Um, what? My dad lives in a condo development on the outskirts of town, and allegedly found my bro a great deal on a place in the same subdivision. I did not ask for more details of this nightmare, but wherever he lives it will not be more than a tenth of a mile from us. Every day I stay at my dad's I will be have to be reminded that this tool lives around the corner, in a far better situation than anyone his age or character should have. And he's doing it while screwing the rest of us.
So I think living there will be awful from now on, and perhaps not a viable grad school residence once I finally lose it and put a brick through his window. Back to the drawing board.
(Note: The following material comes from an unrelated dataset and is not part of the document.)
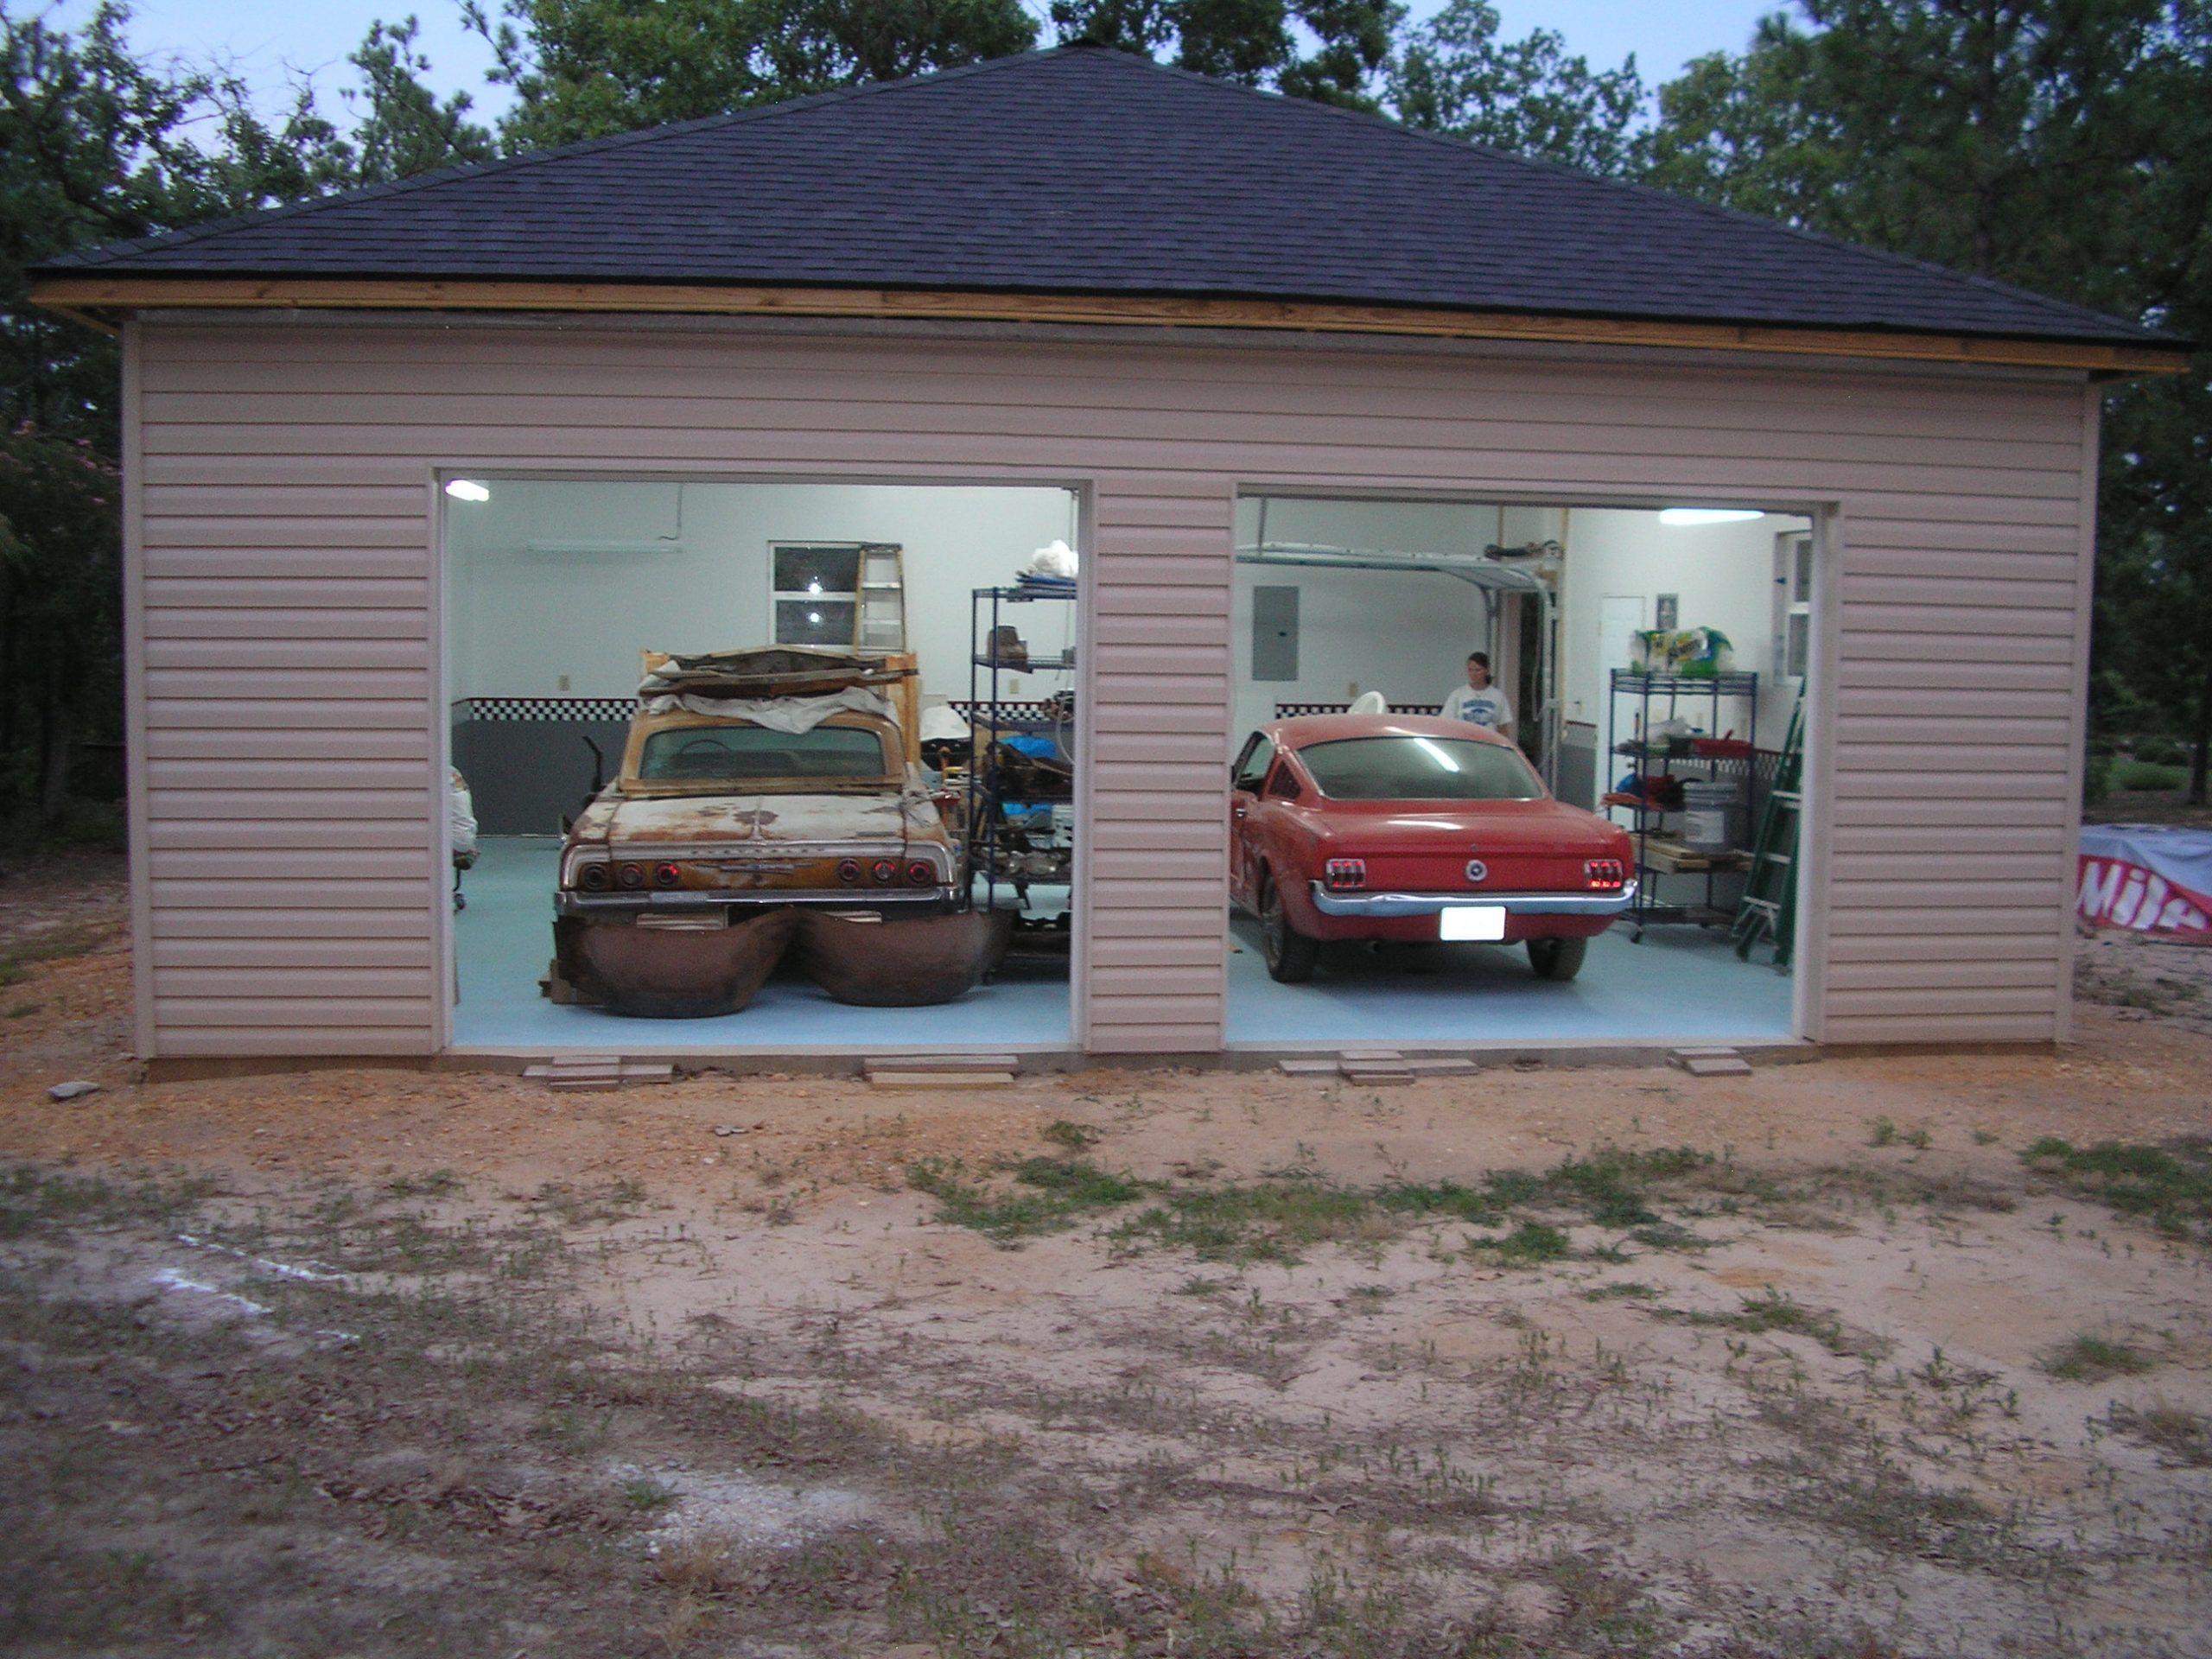 47 Cheap Laminate Flooring Packs Pics

Let's get to the funny story before I resort to slitting my wrists casually.
One department of the place where I work is the Smithsonian Folkways record label, which specializes in world and historic music. They produce all kinds of recordings, from Amazonian war songs to Appalachian banjo to some dude playing a recorder near a wolf and calling it "interspecies communication." Folkways was the world's most democratic record label, and now that Smithsonian has acquired it, it's even better. You can buy any record that was ever recorded for the label since its inception, and they often acquire labels that are going out of business or just want someone awesome to take care of their catalogues and make sure they reach as many ears as possible.
So last week we get the word that a tiny label in VA that specializes in historic local recordings is donating their catalogue to us (that means we get the master tapes and right to reproduce the albums under the S-F name forever). And since the owners are buds of the CFCH team, they're coming up to deliver it personally. Interns are invited to lurk in the back and observe the momentous occasion.
In walks the label owner, a man I can only describe as a cowbilly. Graying hair past the collar, long curled moustache, granny glasses, cowboy boots... he looked like either a young Wildford Brimley or an old George Custer. He swapped folk song fieldwork tales with the staff and invited us all down to the annual Blue Ridge Folklife Festival, which features such events as a tractor competition and coon dog racing. Seeing the puzzled expressions on the faces of some of our more citified employees, he explained that a pack of coon dogs are raced across a pond by hauling the carcass of a raccoon on a zip line overhead. The first dog to swim across the pond, plant four feet on dry land, and bark is the winner. That is all I needed to hear - sign me up.
But wait, there's more. As the meeting adjourned and everyone was filing out of the room, there was a point where only me, Wilford Custer, Jr., and a CFCH director ("Dr. A") were left. I went back to my desk, out of sight but not out of earshot. The man from the mountains approaches Dr. A with a grin and a conspiratorial air:
"If you get everyone together later, you can all have a little celebration on us."
There was the rustle of a package being opened and some quiet chuckling from WCJ. Dr. A politely thanks him and I poke my head around to see what I anticipate being the presentation of a bottle of champagne.
Dr. A is stuttering. "Um... is this... spring water?"
"Not quite."
Another long pause. And then, "How did you get this past security?"
As WCJ and Dr. A leave the room, I get a look at what's just been exchanged. It's a quart Mason jar full of clear liquid.
...
Yes, WCJ congratulated us on the label acquisition by bringing us a gift from his homeland: moonshine.
After I picked my jaw up off the floor, I told the other intern, but she seemed skeptical. Un-be-lievable.